Exact copy, no pictures: return only the lines below from the line with "Futuristic Robot Adventure: Bender" up to and including the line with "Sealey Pressure Washer".

** Opening Records block **

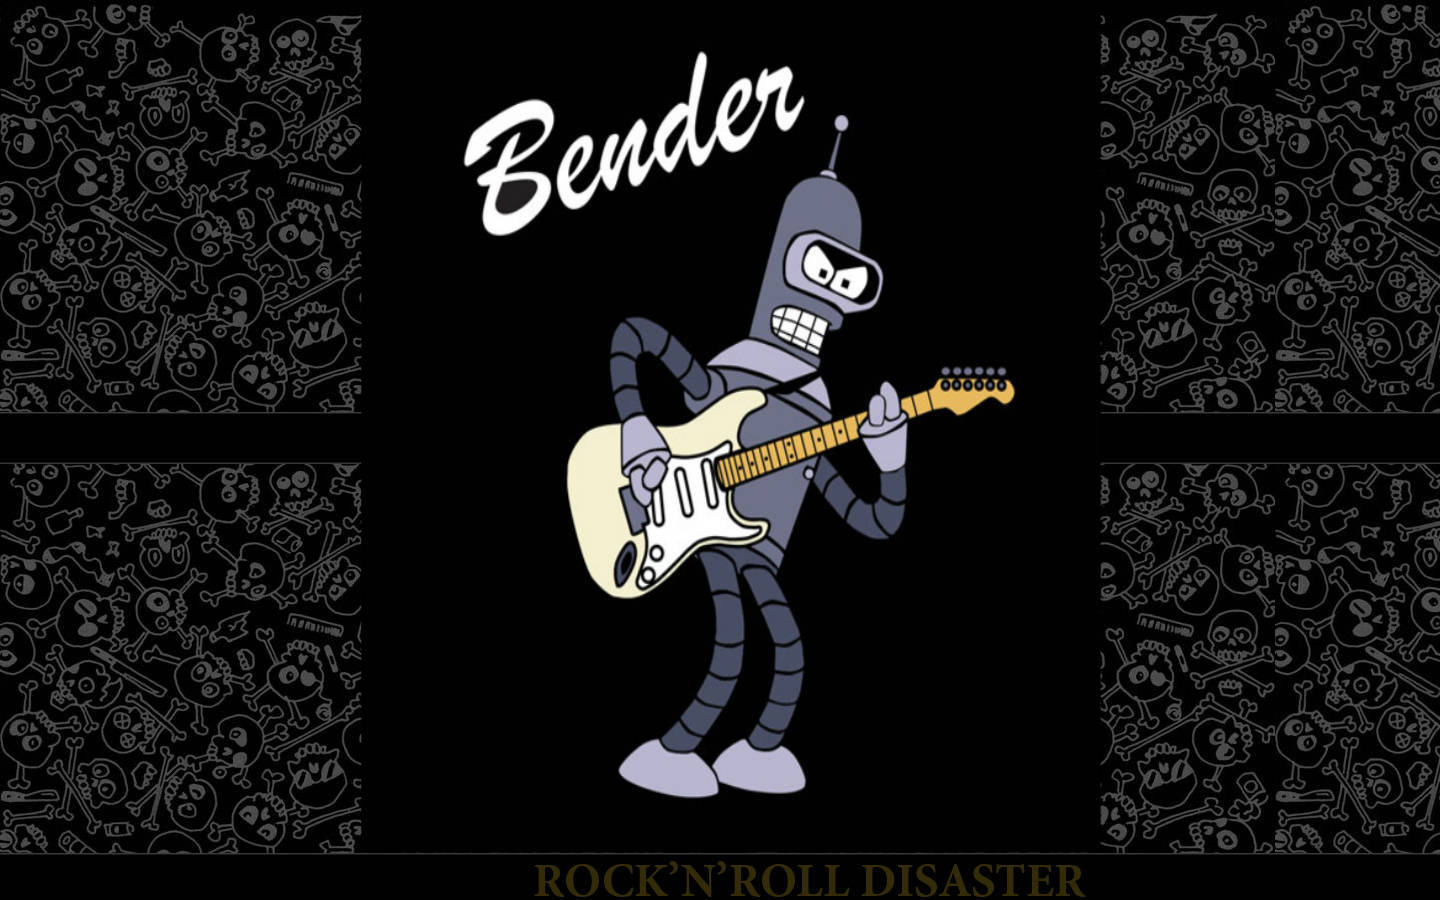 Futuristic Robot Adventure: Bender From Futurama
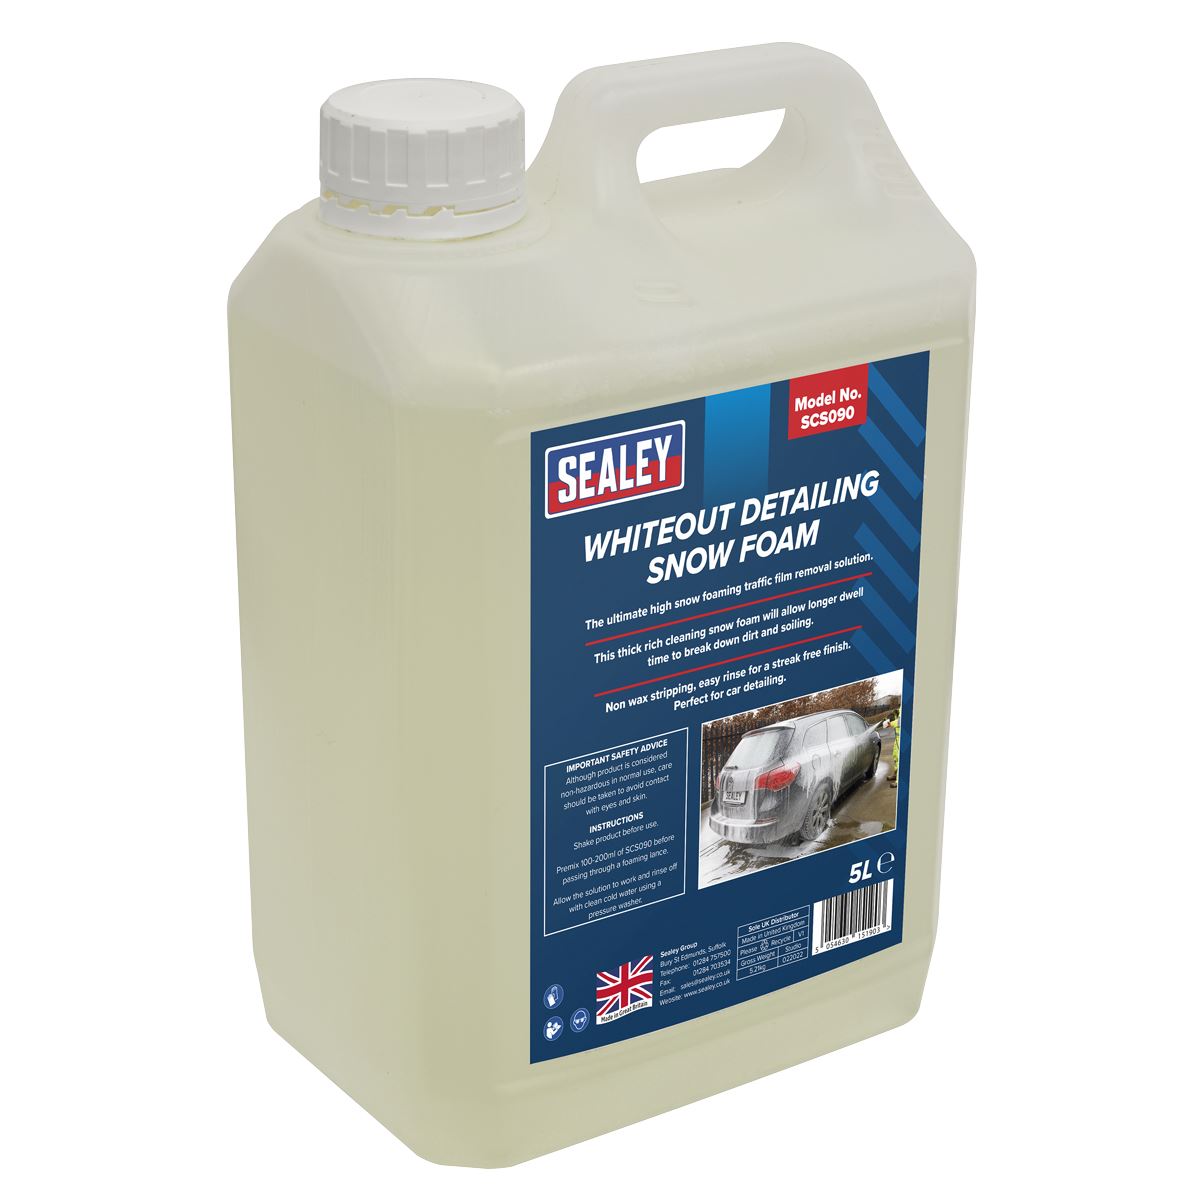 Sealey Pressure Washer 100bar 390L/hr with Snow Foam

** Closing Records block **
** Opening Records block **

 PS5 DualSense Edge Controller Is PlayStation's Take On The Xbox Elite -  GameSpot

** Closing Records block **

> _Solution for this task_:
 Futuristic Robot Adventure: Bender From Futurama
 Sealey Pressure Washer 100bar 390L/hr with Snow Foam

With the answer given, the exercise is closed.